Although I only witnessed this at the waterfall, I am told by other visitors as well as a hotel owner, that instagram increasingly shapes the production of tourist locations and experiences. At the special “white sand beach” in Padang Bai a majority of the visitors at any given moment seemed to be taking pictures of themselves, which was also the preoccupation at sunset at Seminyak Beach.

Hotels produce arrangements of plants and objects to satisfy the stereotype expectation of tropical serenity, and this does have some basis in the aesethetic presentation of entryways to middle-class homes in our neighborhood.

Long-time expat residents tell me that local Balinese have found their wells dried up because the tourist resorts suck the water. Tourists complain about harassment by vendors offering taxi rides and trinkets.

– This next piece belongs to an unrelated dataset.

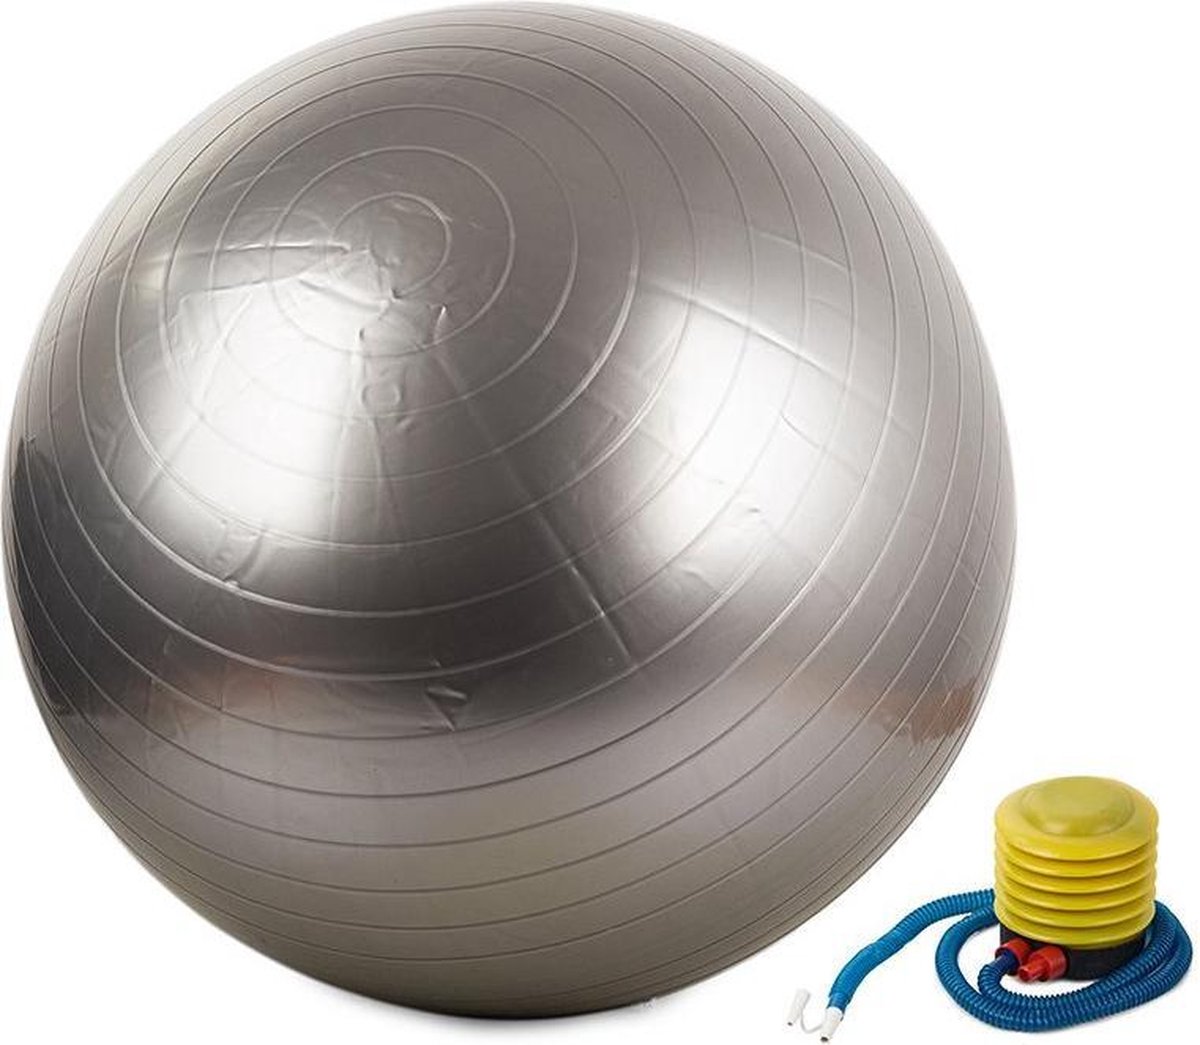 Gymnastiekbal (grijs) - Gymbal - Yoga Bal - Fitness Bal - Pilates - Fitness - 65cm inclusief Pomp! Versterking spieren/conditie/Mobiliteit!

The prices for food and coffee in the touristic areas are about 10% cheaper than Berlin. Two uber-clones: GoJet and Grab employ motorcycle workers to offer taxi, food delivery, and courier services, often costing less than €1 per trip, to the consternation of local registered taxis.

Tourists on motorcycles do not know the Balinese traffic culture, and thereby pose carefree hazards.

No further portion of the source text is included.